Devdutt Pattanaik: East vs. West — the Myths that Mystify

In TED Talks on May 20, 2010 at 11:10 pm

Extra credit reflection by GABRIELLA B.

Original TED page w/ speaker bio, links, comments, etc:

Devdutt Pattanaik: East vs. West — the Myths that Mystify

I absolutely fell in love with this engaging speaker. He manages to share with great eloquence and just the right amount of detail a peek into the Indian belief system. It is touching and funny and understandable. He relates abstract constructs such as the meaning and relevance of a life well spent to the understandable myths and legends we westerners can all understand.

Hercules, Achilles, Odysseus, all great men, world movers and shakers, living extraordinary lives, through their stories Pattanaik creates contrast to help us understand Indian myths, of life and death and rebirth. Because unlike western beliefs systems in which you have one chance to live a noteworthy life, Indians believe you live an infinite number of lives. Therefore how you spend ‘this’ life is insignificant in the long run.

Nothing lasts forever.

To this end he shares how people, businesses, institutions both eastern and western incorporate their code of beliefs into their lives.

In the western world everything is clear cut, systematic, all leading to a predetermined outcome. You are born. You attend school. You attend college. You get a job. Or you are born. You live a good life. You enter heaven.

However Indians don’t believe in one heaven. They believe in many versions of paradise, thus their business models are not linear and institutional but flexible and fluid. They are comfortable with things like contextual thinking, fuzzy logic, with everything relative…sort of.
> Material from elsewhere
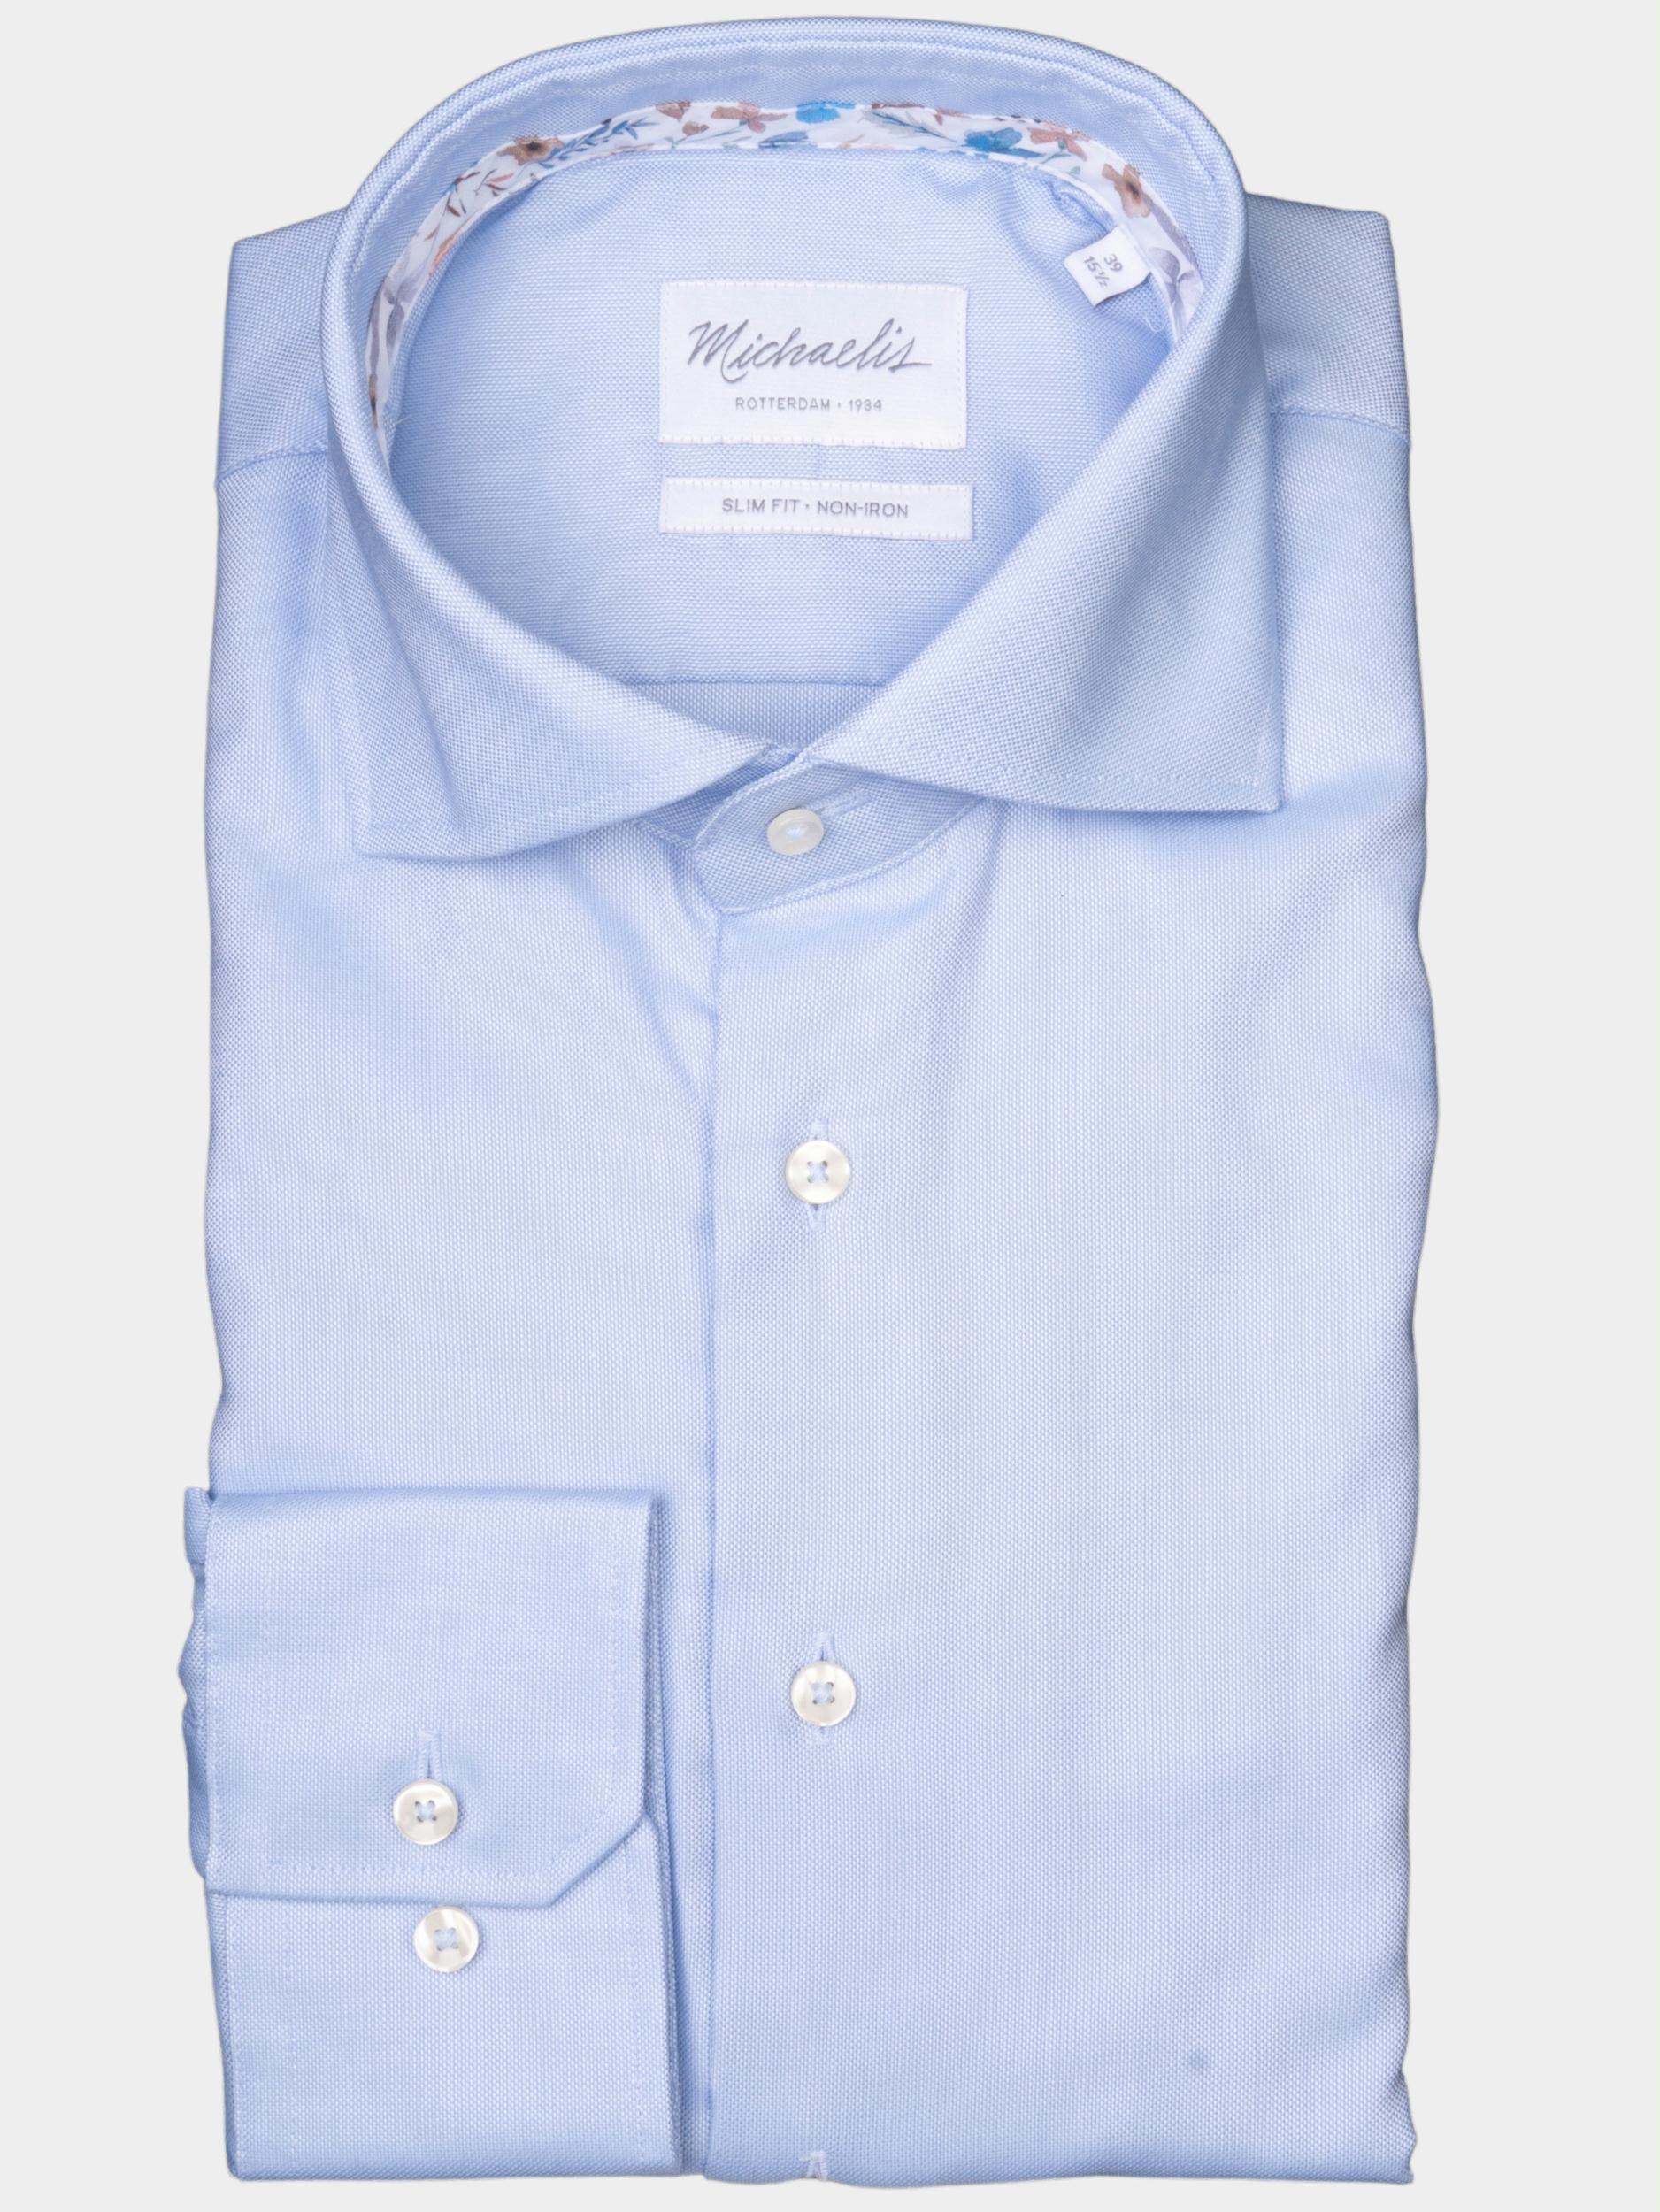 Michaelis Business hemd lange mouw Blauw  PMUH10001B/M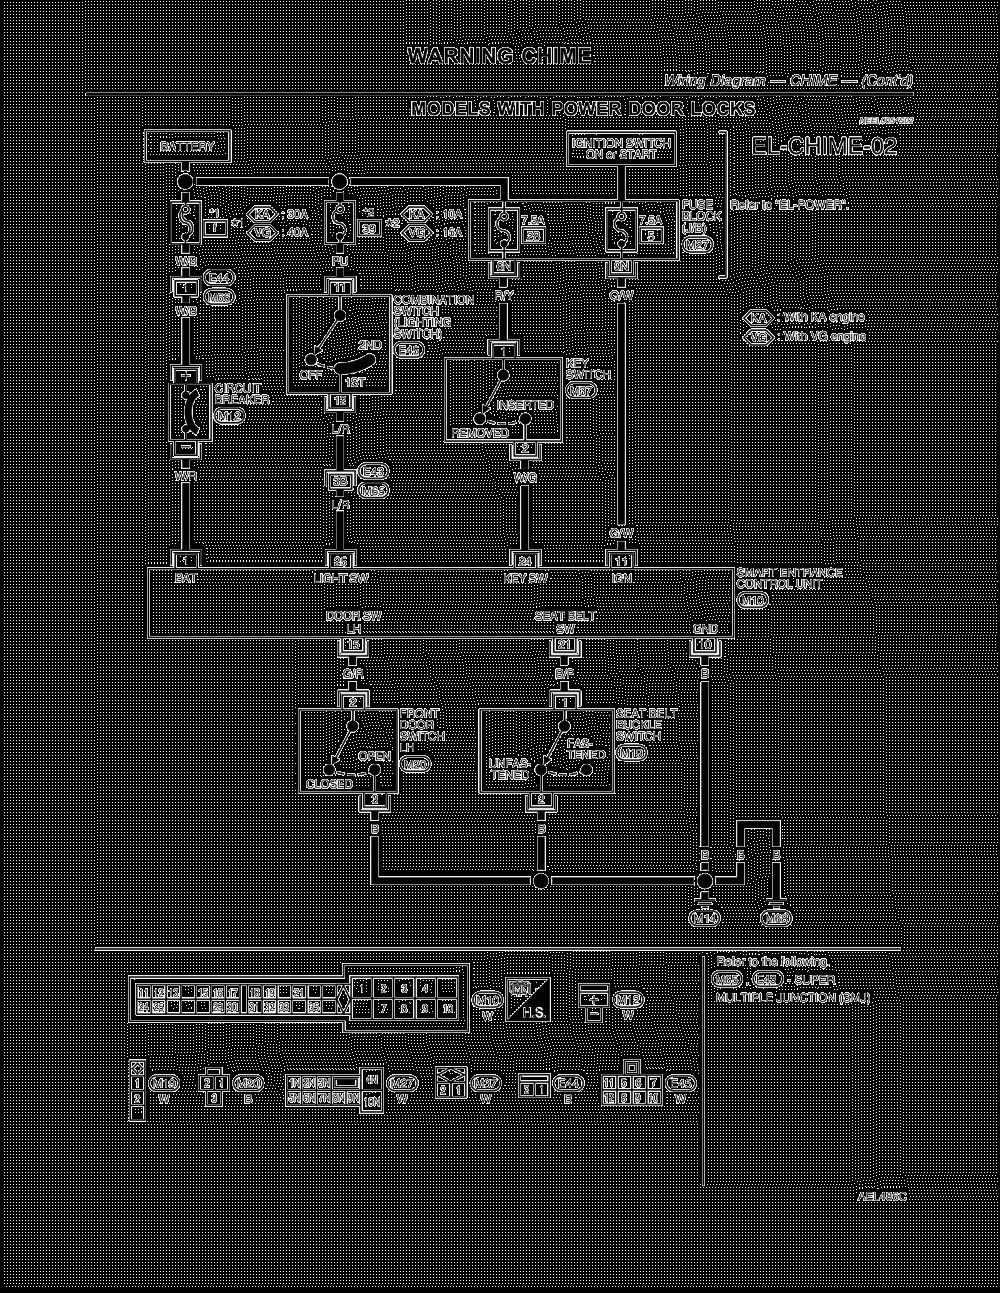 metra wiring diagram chime auto electrical wiring diagram

In his work he tries to balance the exasperation western business men and women often face when dealing with Indian business philosophy. We with our binary systems and absolute truth don’t deal well with mostly… you can’t standardize mostly.

Pattanaik tries to help us see that your way is not absolute truth just as their way is not therefore illogical superstition. To live in today’s world of clashing cultures and ideas you have to accept that your truth is subjective.